291 records breached per second in first half of 2018 | Cyber Security

Over 4.5 billion data records were breached in the first half of this year, according to a report from Gemalto’s Breach Level Index released this week. That’s the highest number of breaches ever in a single six-month time period, but a deeper dive reveals an even more worrying trend.

Gemalto, which sells authentication and data storage products, produces an analysis every six months of the reported breaches from each period. This total number of breached records in this year’s first half (1H) report equated 291 breached records every second, on average.

-per-breach is growing

The general rise in the volume of lost records is alarming enough (1H 2018’s figure is up 1,751% on 1H 2015), but what’s really scary is the average number of records per data breach incident. It’s growing quickly.

2015: 245.9m records across 999 incidents. That’s 276,936 records per incident.

2016: 554.5m records across 974 incidents. That’s 569,255 records per incident.

2017: 2.6bn records across 1765 incidents. That’s 1.47m records per incident.

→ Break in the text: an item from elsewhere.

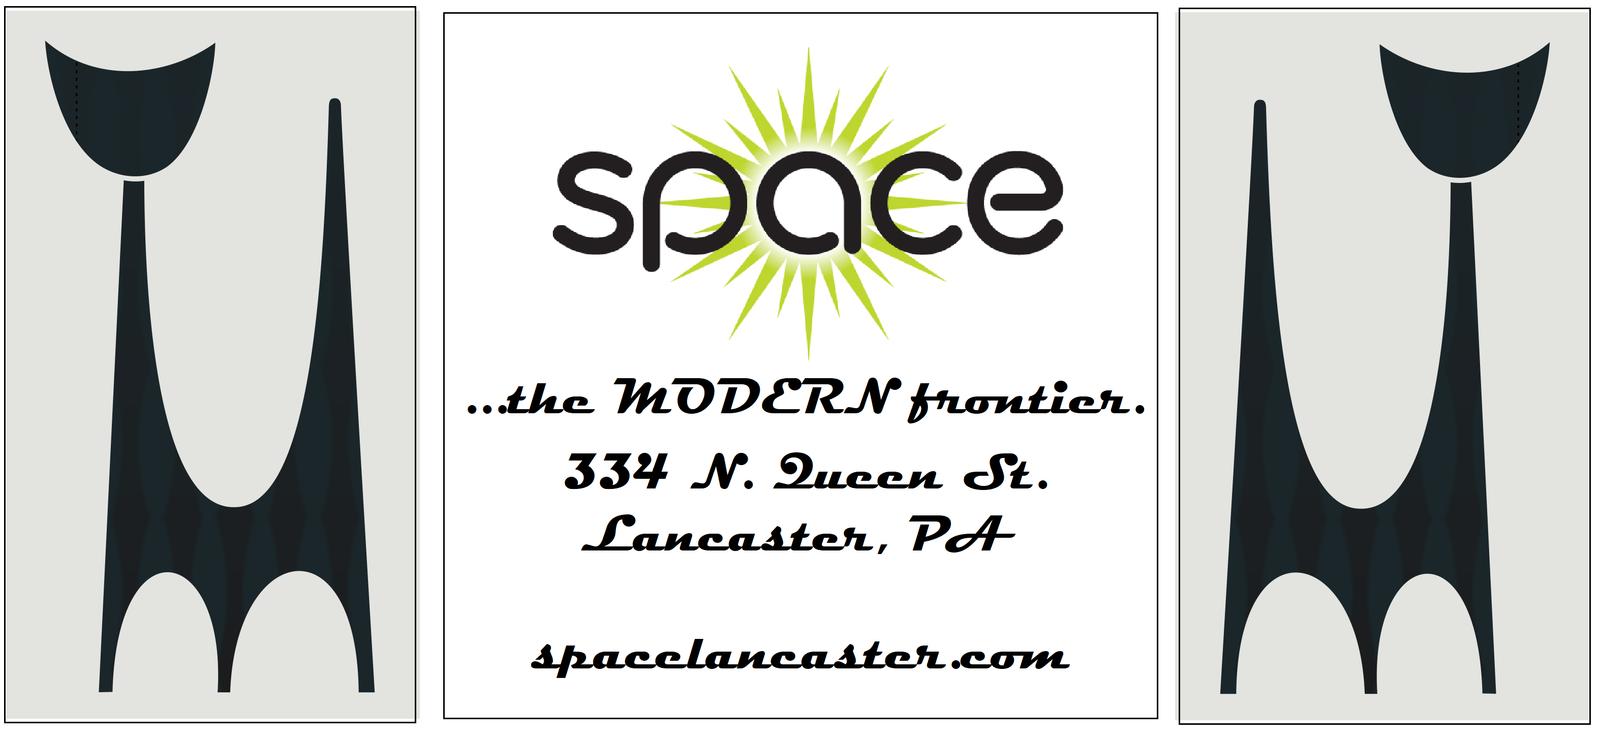 spacelancaster

2018: 4.5bn records across 945 breaches. That’s 4.8m records per incident.

The distribution of these compromised records on a per-breach basis isn’t equal, of course. There were some absolute whoppers in early 2018.

Gemalto has a risk scoring system for breached companies, with 9 or 10 rated ‘catastrophic’. There were four breaches in this category in 1H 2017: Facebook, Aahaar, Exactis, and Under Armour.

Facebook’s social media scraping breach, in which most of its 2.2bn users could have had their personal information scraped, scored a 10, as did Aadhaar, India’s government-backed citizen ID system. It saw its 1.2bn citizens’ records accessible via an anonymous service that would give it access to information including their name, address, photo, phone number and email address.

Malicious outsiders

Under Armour fell victim to a malicious hacker and lost up to 150m accounts. In this and the other breaches, malicious outsiders were to blame. No wonder, then, that malicious outsiders topped the list of breach sources, accounting for 56% of reported incidents and four in five breached records. It knocked accidental loss from the top spot as a source of data breaches, accounting for 34% of losses and just one in five (19%) of affected records.

Accidental loss was responsible for the other catastrophic-level breach in 1H 2018, though. Floridian data broker Exactis left 340m records about US citizens and businesses on an Amazon S3 server. Every record had information on over 400 variables, including whether they have pets, what their religion is and whether they smoked.